**DATA**
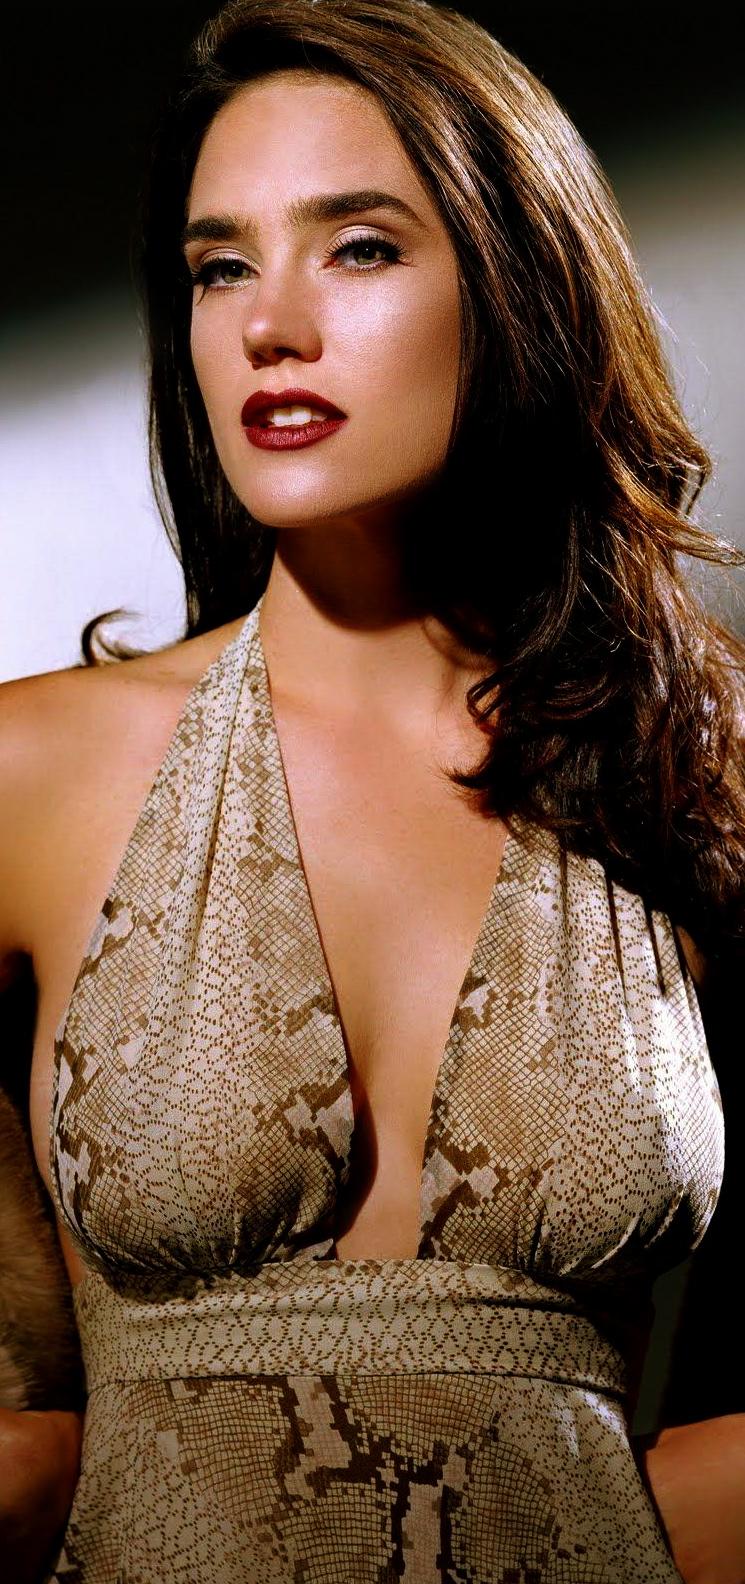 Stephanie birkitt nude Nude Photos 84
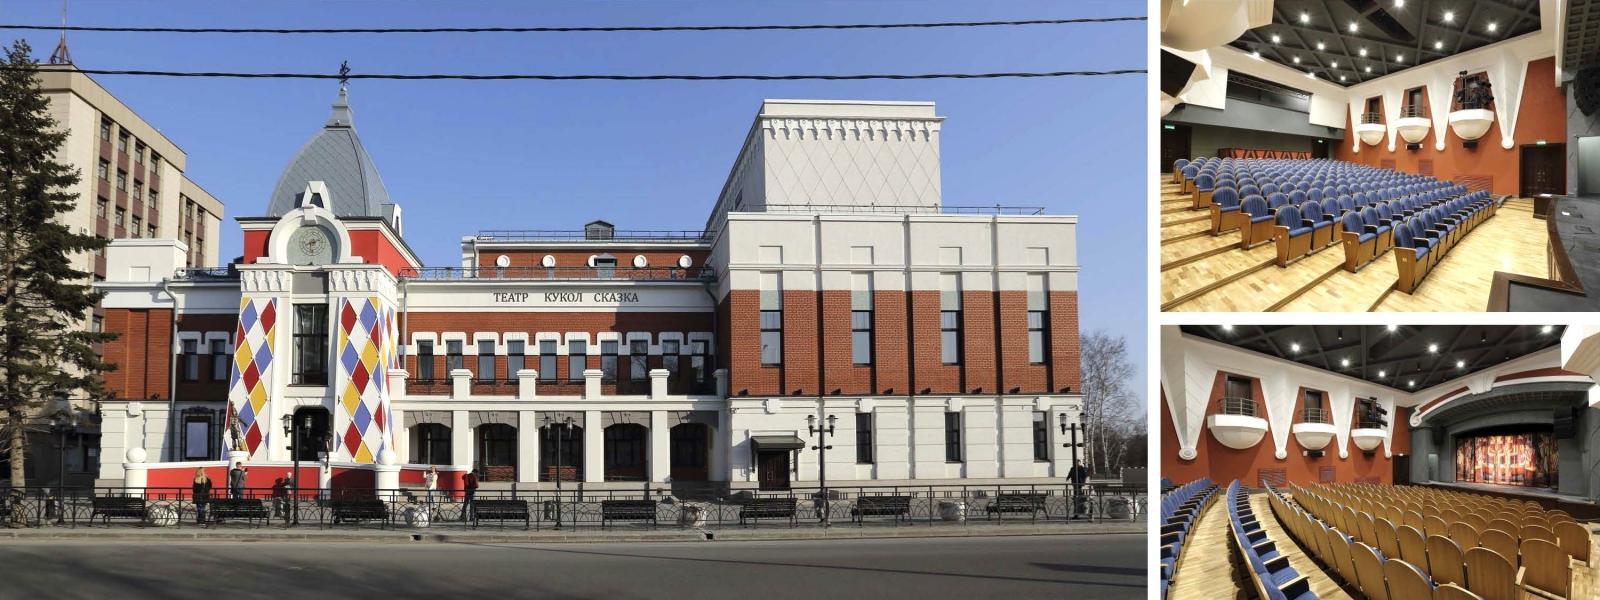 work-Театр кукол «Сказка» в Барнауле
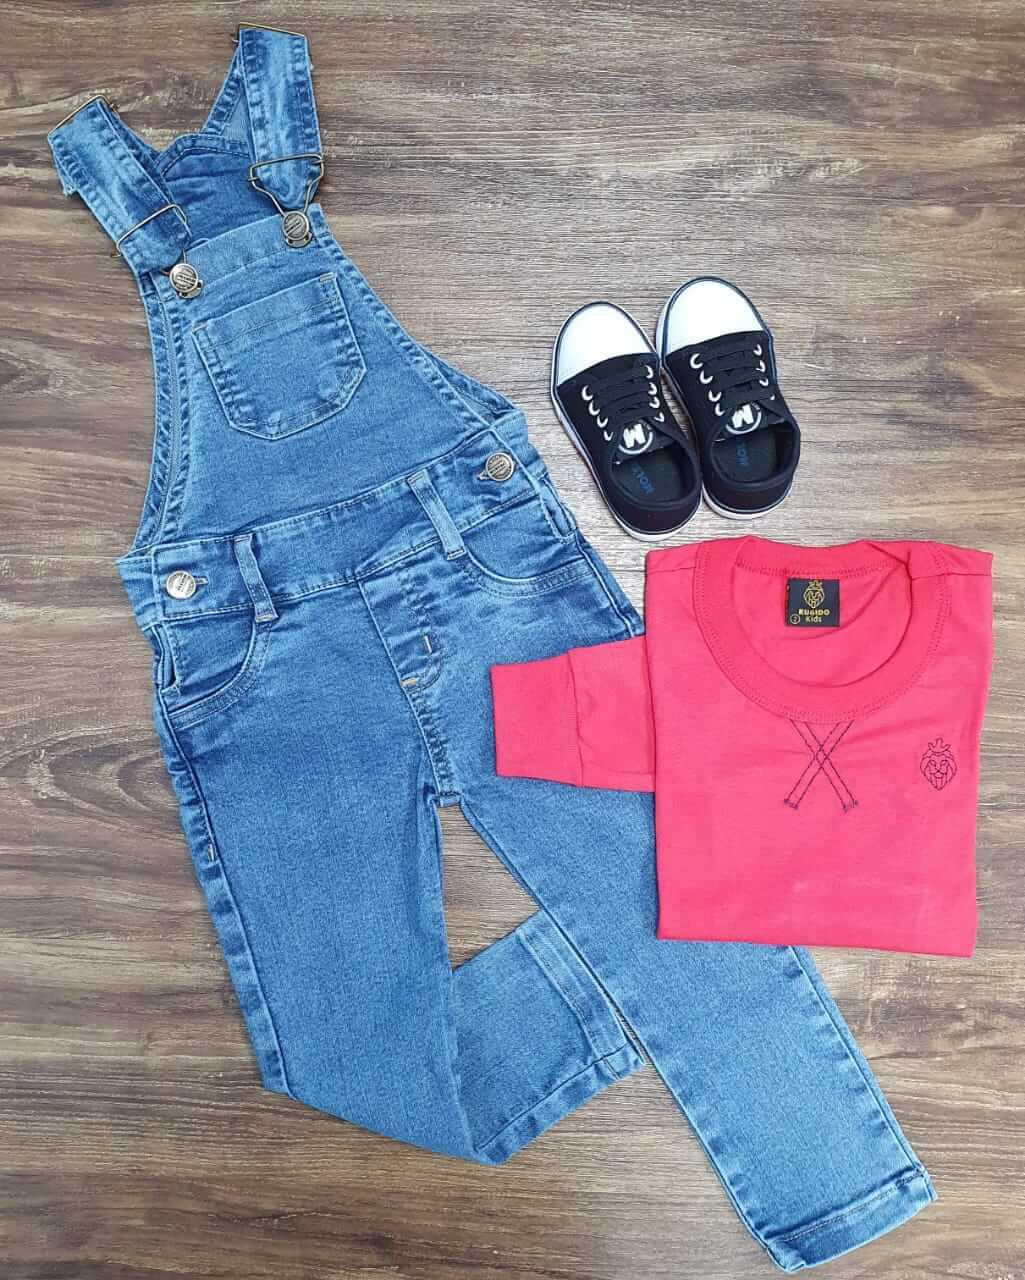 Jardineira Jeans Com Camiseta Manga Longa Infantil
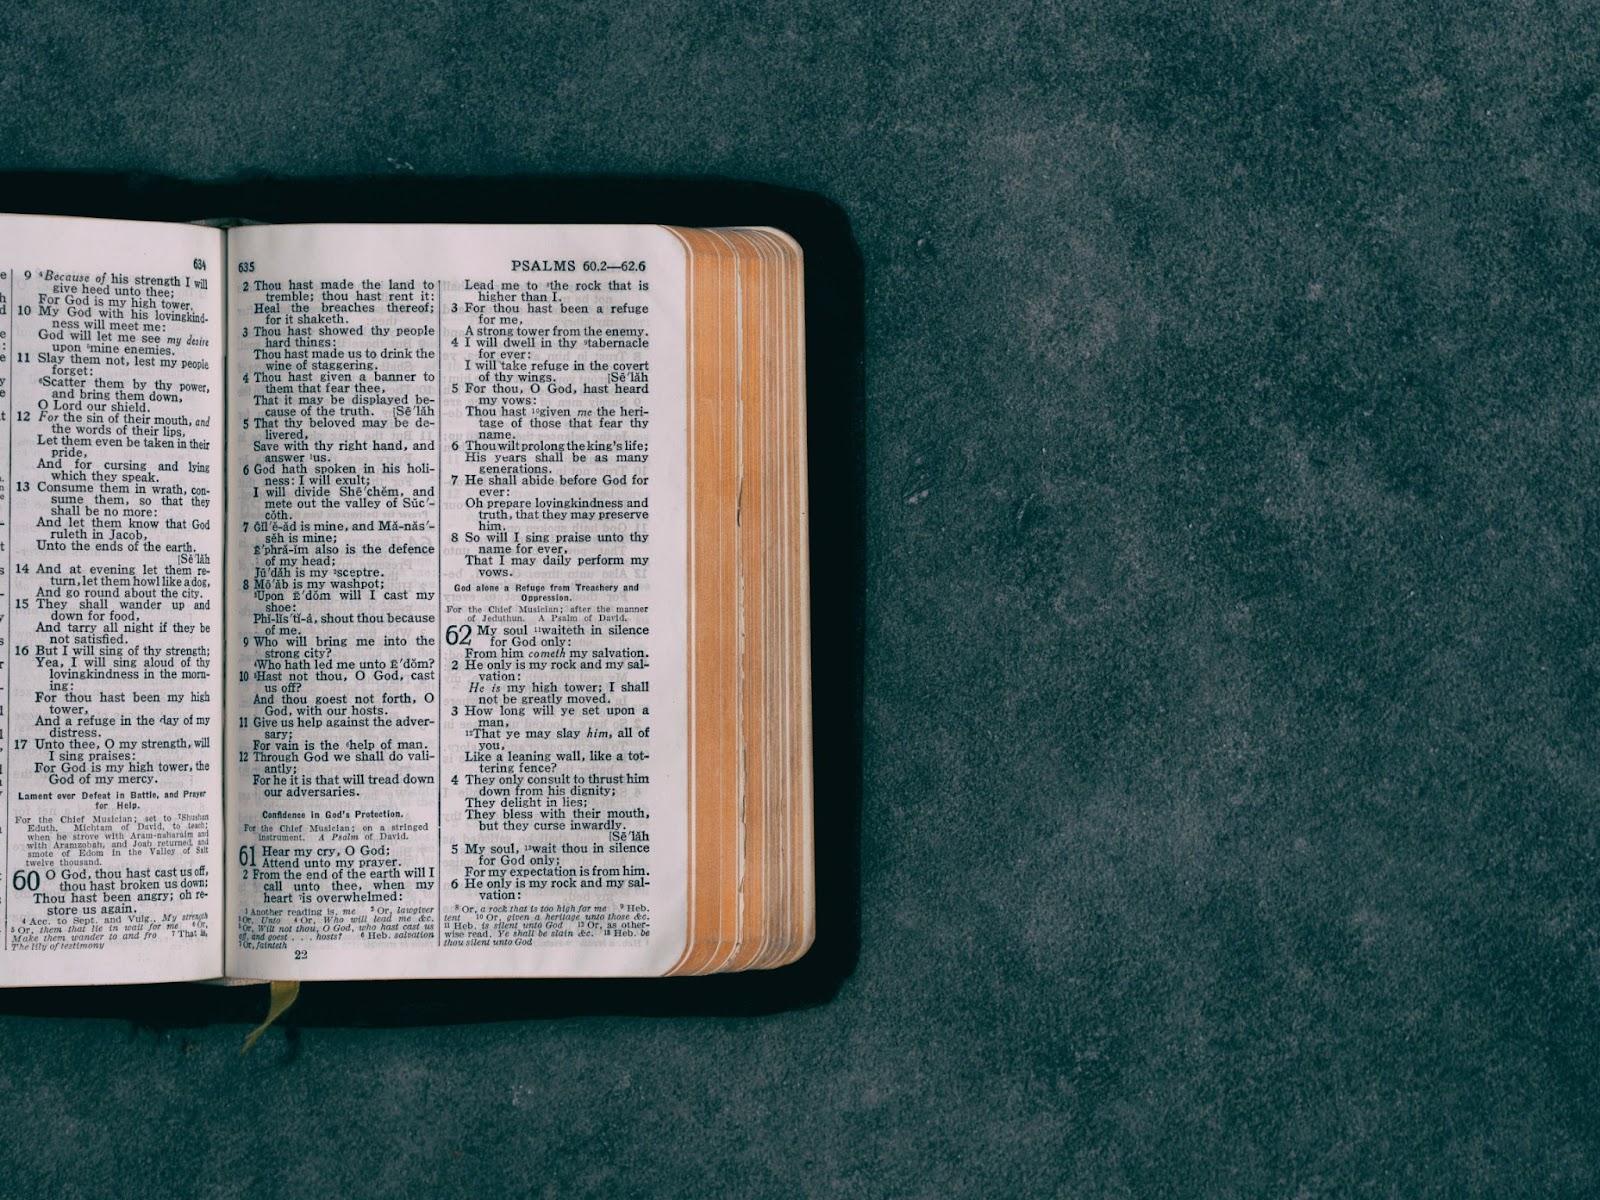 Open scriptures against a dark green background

**DIRECTIONS**
The whole listing, minus its images, should be repeated exactly.

**RESULT OF THIS TASK**
 Stephanie birkitt nude Nude Photos 84
 work-Театр кукол «Сказка» в Барнауле
 Jardineira Jeans Com Camiseta Manga Longa Infantil
 Open scriptures against a dark green background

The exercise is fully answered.